The Izvestia newspaper listed the main questions. Was the hostage-taking preventable? How many guerrillas were there, and did any of them manage to escape? Why did the bombs in the gym explode, and why did the roof catch fire? The tank parked outside the school: how many times did it fire, and at what targets? Exactly why did the hostages die? Were there any plans to storm the school, and was there any possibility of reaching agreement with the terrorists on a “peaceful” withdrawal?
Other publications add further questions to this list. What were senior state officials doing during those three dark days? Why were orders from the Interior Ministries of North Ossetia ignored? They had prior information about the guerrillas planning an operation. How did a number of armed terrorists manage to enter Beslan at all?
That last question, as the Kommersant newspaper reports, is answered by Shamil Basayev in a statement posted on his Kavkazcenter.com website shortly before the first anniversary of the tragedy.
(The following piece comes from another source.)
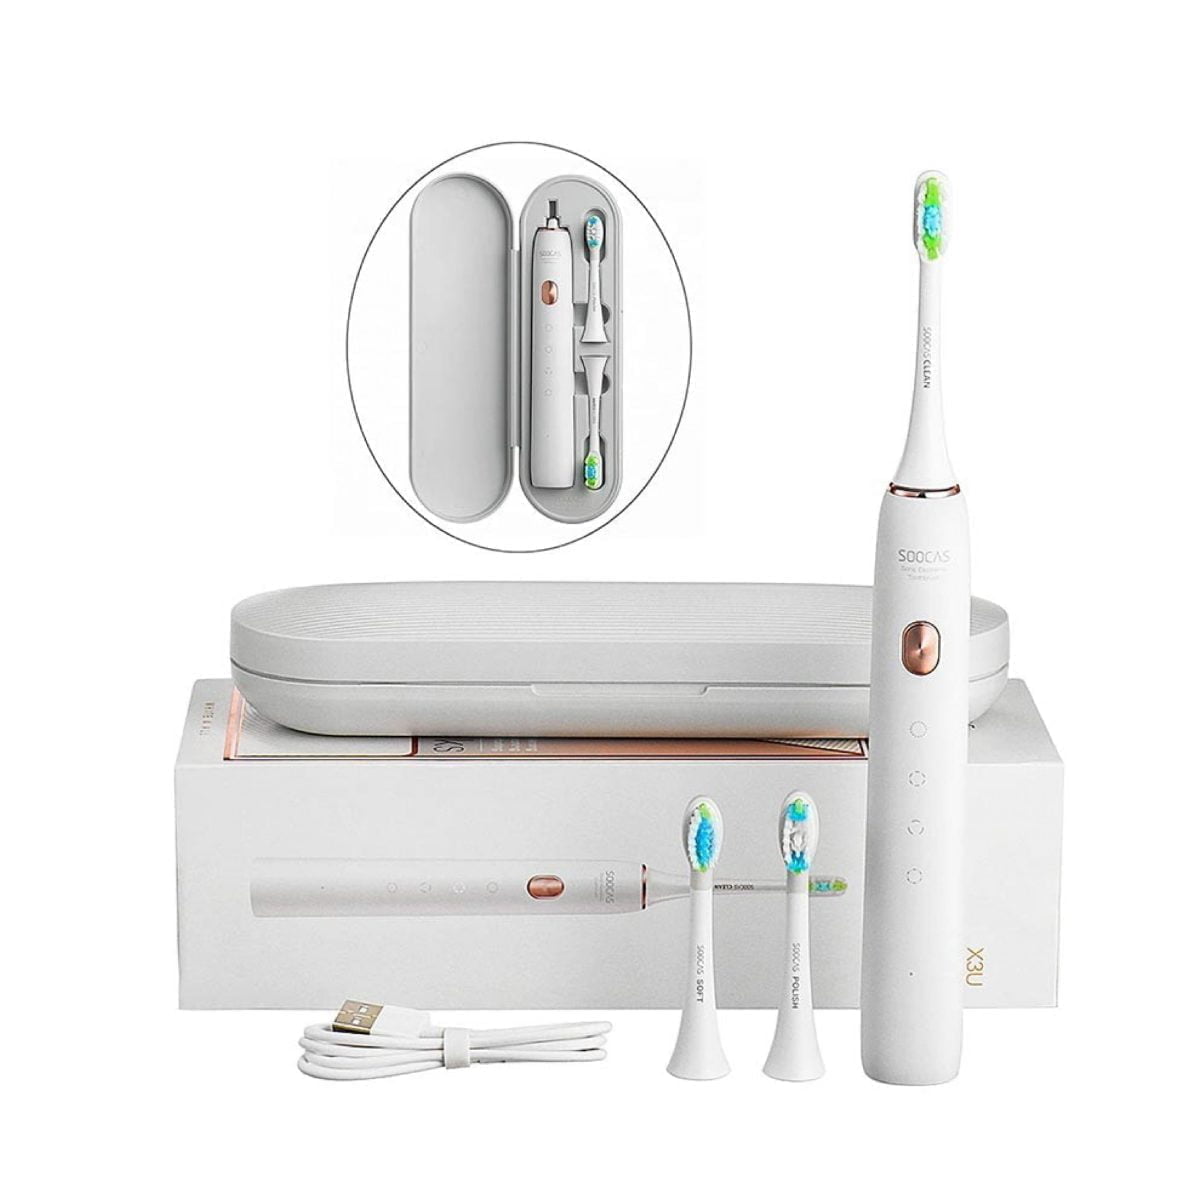 Waswhite 03 Scaled Xiaomi Xiaomi Toothbrush Soocare X3U, Soocas Upgraded Electric Sonic Vibration Waterproof Lightning-Fast Charging 2020 Newest Version [Video Width=&Quot;1280&Quot; Height=&Quot;720&Quot; Mp4=&Quot;Https://Lablaab.com/Wp-Content/Uploads/2020/05/Khn4Gzxy4Rcnwtethdd__Hd.mp4&Quot;][/Video] Soocas X3U Sonic Toothbrush Electric (White) 2020 Model

He claims that his people were “encouraged” to seize the school by “the special services of North Ossetia.”
Basayev alleges that the special services planted an agent, Vladimir Khodov, among his guerrillas – hoping to lure Basayev out on September 6, Ichkerian Independence Day, for an operation aimed at seizing the government building in Vladikavkaz – and then destroying Basayev on the border. That’s why the guerrillas were essentially given free passage on the roads by the authorities. By that time, however, Basayev had persuaded Khodov to switch sides – and so the guerrilla gang ended up in Beslan instead.
The Prosecutor’s Office of the South Federal District, Kommersant reports, called Basaev’s statement “crazy” and “not answering the factual materials of the Beslan criminal affair.” Still, former hostages and other Beslan residents recollected that they indeed saw Khodov before the Beslan terrorist act – both in Vladikavkaz and in Beslan, near school 1. And the terrorist, announced for detection, photos of which were published in the local papers, “didn’t try to hide away.” As the witnesses assure, “it seemed that there was really someone standing behind his back.”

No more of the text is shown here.